The following has been added to the Conclusions to stress the importance related to the colonization by gut microbiota in relation to immune system development also taking into account how the in vivo/vitro studies informed outcomes of the gut colonization:

“In general, it is clear that the immune priming occurring in the fetal/newborn gut plays a pivotal role in brain development and in the general health outcomes of the individual. This has been confirmed by a number of different experimental approaches ranging from GF animal (suggesting that microbiota plays a pivotal role in shaping both innate and adaptive immunity) to the manipulation of microbiota (either with antibiotic treatment or microbiota reconstitution providing evidence for the main role of the microbiota in immune homeostasis) [182]. Whether this priming occurs primarily in uterus or after birth is still a matter of debate however, it is also clear that the development of the immune system and the modulation of inflammatory responses play a pivotal role in brain and metabolic health. This is also suggested by the growing number of studies reporting a comorbidity among autoimmune, psychiatric and metabolic disorders also in relation with changes in microbiota composition (see for example [183,184] and references therein)”.

 

Moreover, paragraph 3.1 also generally contributes to the discussion in the relation to the topics suggested by this reviewer, see for example: “To this regard, studies performed in non-human primates and rodents have provided evidence that microbial maternal dysbiosis, deriving from HFD consumption, a model of maternal obesity, is associated with increased inflammation and is accompanied by elevated anxiety levels and reduced social behavior in the offspring [41,81].”…..”Thion and collaborators [47] found that mice born from germ free maternal mice expressed changes in genes regulating LPS recognition and processing in utero and continued to exhibit sex-specific alterations in microglial-related gene expression postnataly [85].”

 

 

 

5) Line 49,54: Subjects/individuals- please clarify (e.g., mother, infants…etc).

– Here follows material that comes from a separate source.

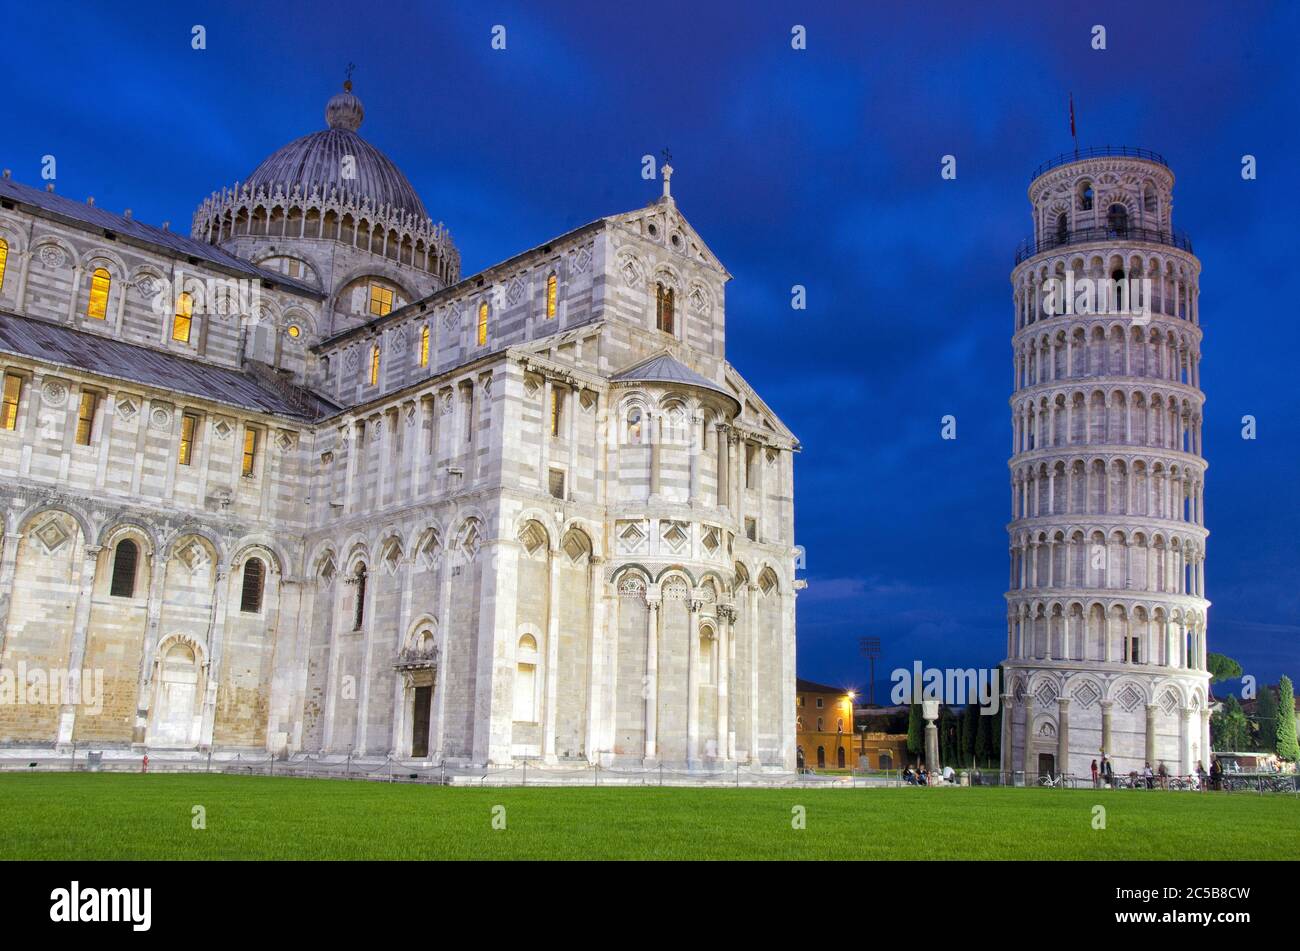 Vista nocturna de la Catedral de Pisa (Duomo di Pisa) con la Torre inclinada de Pisa (Torre di Pisa) en la Piazza dei Miracoli en Pisa, Toscana, Italia Foto de stock
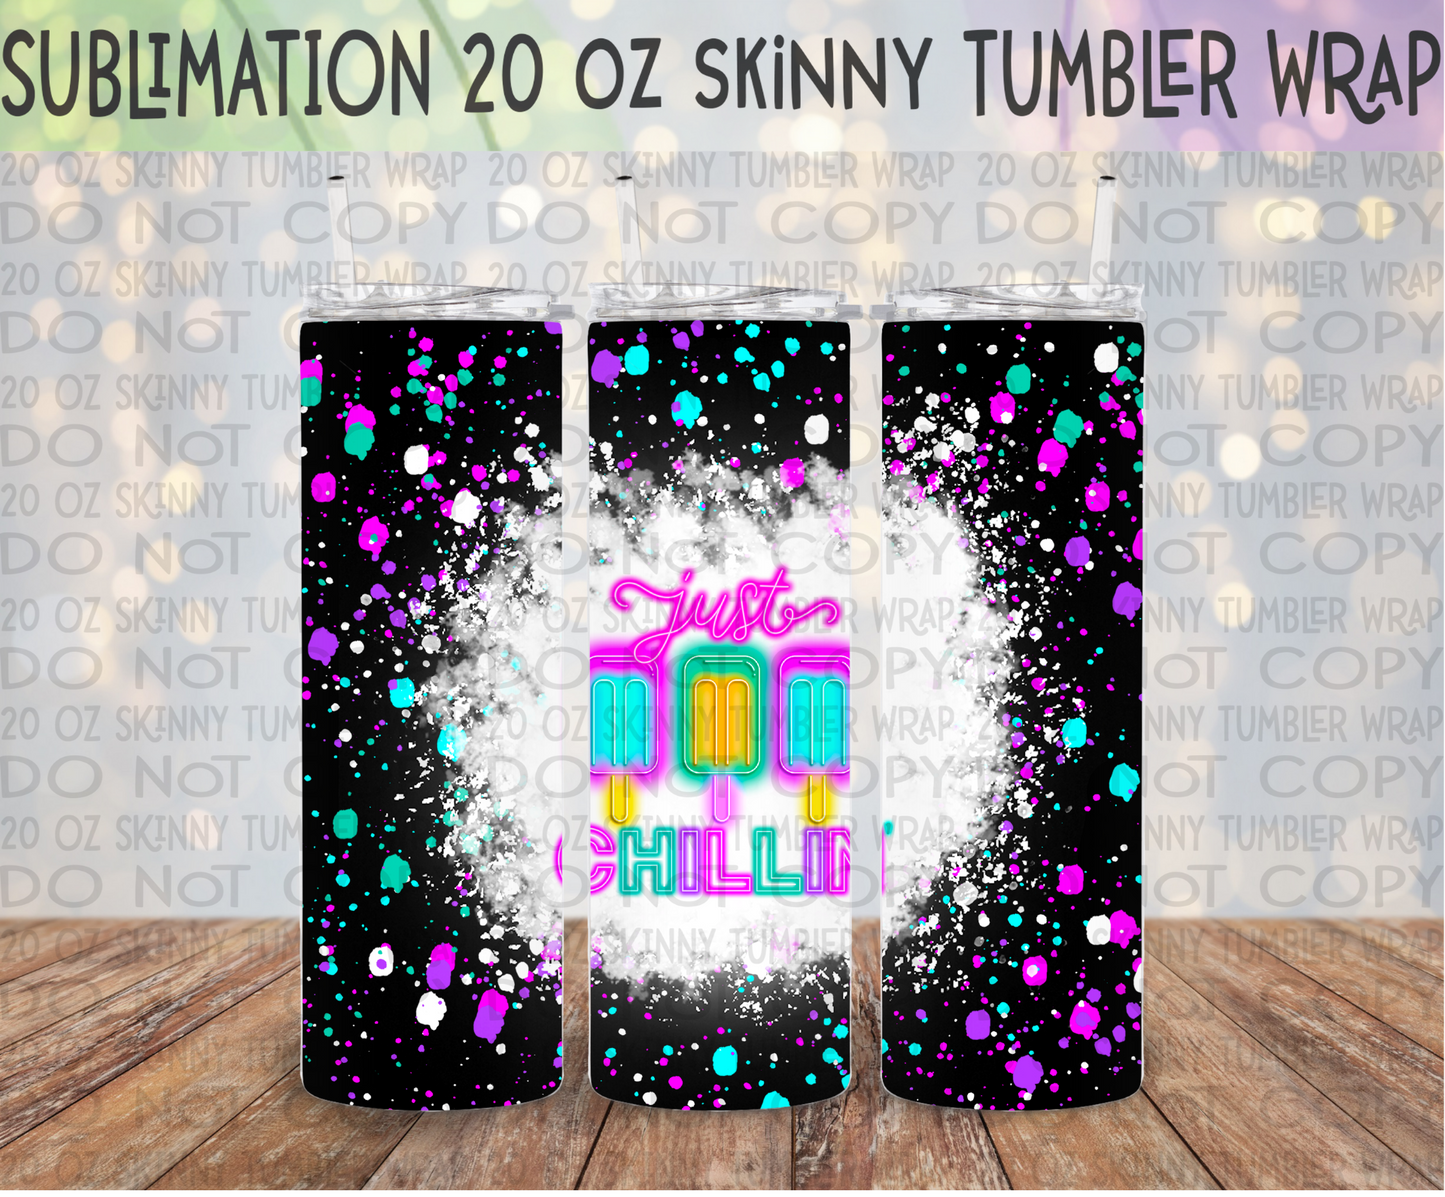 Just Chillin' 20 Oz Skinny Tumbler Wrap - Sublimation Transfer - RTS

The sentences have been rephrased:

“As a general mechanism, the expansion of adipose tissue observed in obese subjects is associated with increased size and number of adipocytes, leading to adipocyte hypoxia, infiltration of leukocytes, inflammation and insulin resistance [17–19]. Preclinical and clinical studies clearly indicate that these conditions, which set a chronic state of low-grade systemic inflammation, are magnified during gestation [20–22], a time when tightly balanced immune changes naturally occur in non-obese pregnant women [23]”.

 

 

6) Refs # 1,120 and 144 are very old- please update.

We thank the reviewer for pointing out this issue.

As for reference #1 this is extremely relevant and is the main reference for the Barker’s hypothesis as well as the successive Developmental Origin of Health and Disease (DOHaD).

Ref #120 (De La Presa Owens, S.; Innis, S.M. Docosahexaenoic and arachidonic acid prevent a decrease in dopaminergic and serotoninergic neurotransmitters in frontal cortex caused by a linoleic and α-linolenic acid deficient diet in formula-fed piglets. J. Nutr. 1999, 129, 2088–2093, doi:10.1093/jn/129.11.2088) and #144 (Hungund, B.L.; Morishima, H.O.; Gokhale, V.S.; Cooper, T.B. Placental transfer of (3H)-GM1 and its distribution to maternal and fetal tissues of the rat. Life Sci. 1993, 53, 113–119, doi:10.1016/0024-3205(93)90658-P. have been removed).